The biggest issue is not the $1-200 billion in subprime losses to come, it's what the securities based, leveraged, loaned/lent on the mortgages will do. That number is much bigger. It's Ponzi visits the pyramids.

And when it comes to the SEC trying to find the truth, last week the NY Post had this:

Investors hold about $6.5 trillion in mortgage bonds, the world's largest such fixed-income market, says the Securities Industry Financial Markets Association.

Meanwhile, Securities and Exchange Commission chief Chris Cox said the SEC is coming up with new, more flexible accounting rule interpretations that companies and others could use to avoid declaring their mortgage securities in default.

Know what? China doesn't have to sell their $1.2 trillion US paper to sink the American economy, they only have to demand an independent audit of it.
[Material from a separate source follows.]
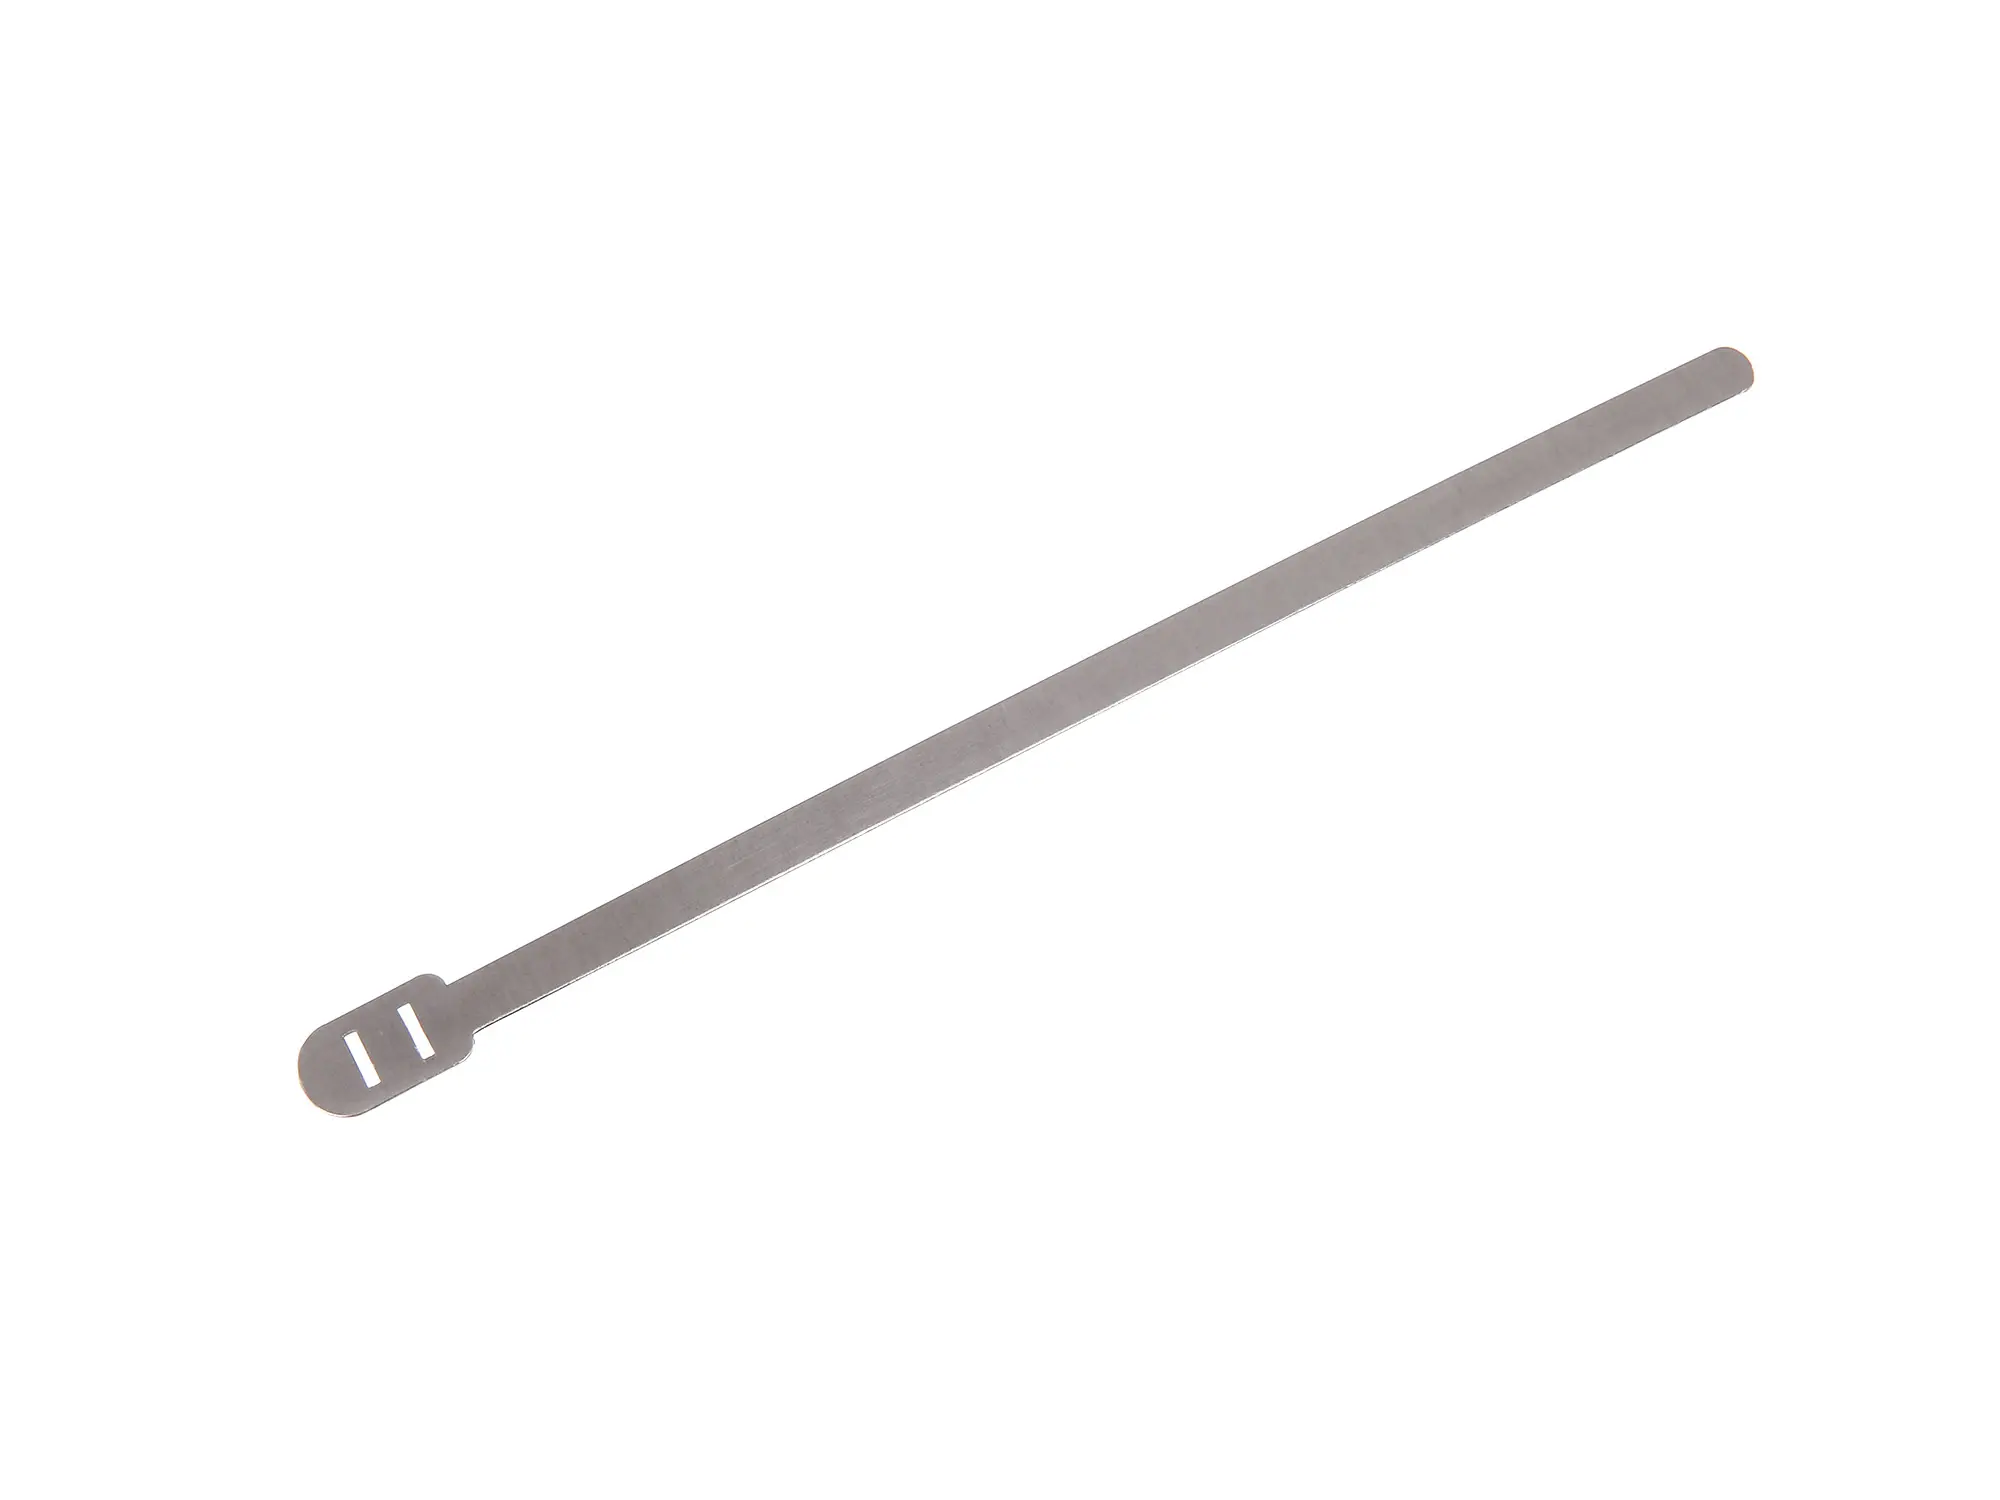 Kabelbinder Aluminium 180mm lang, 6mm breit, 0,5mm dick, Art.-Nr.: 10057798 - Bild 1

I'm pulling some cash out.

Problem is if you pull too much out too fast it will set off a "terrorist alert." (I'm serious.)

I have half my savings in my checking account, half in gold and silver coins I have posssession of.

Anybody have any idea what, if anything, somebody like me can do to protect what's in the checking account?

FWIW, I'm stocking up on food and supplies as fast as I can. That's one way to hedge . . .

I'd say: invest in a bigger tent.

Maybe even get the fancy model with the wine cellar that doubles as nuclear shelter.

Loaded with gold and silver coins, and 40 years worth of Mountain-something food cans, you ain't going nowhere anytime soon. Might as well dig in.


PS: did you get your handle from Oliver Sacks?

I just bought a bunch of extra underwear and socks plus lots of laundry soap. Gosh darnit if the stuff is about to hit the fan I want to at least have plenty of clean undies on hand.

I would say if you want to protect what's in your checking account, then don't leave it there. As the Argentines discovered, you can lose access to your savings when everyone wants their money back at once and the banks have nothing to give them. I wouldn't count on deposit insurance to cover you either.

What does one do other than:

1. Have pms, silver coins in particular, for barter once the banks close

2. Have as much food and supplies on hand as you can afford or have space to store

3. Have whatever savings you do have in multipe accounts

4. Have weapons on hand and know how to use them

4. Have lots of clean undies on hand

Am I missing anything?

Am I missing anything?

6/ People to share it with.

7/ People to defend it with.

I don't see them much in your plans, the other people (i know, none of my business).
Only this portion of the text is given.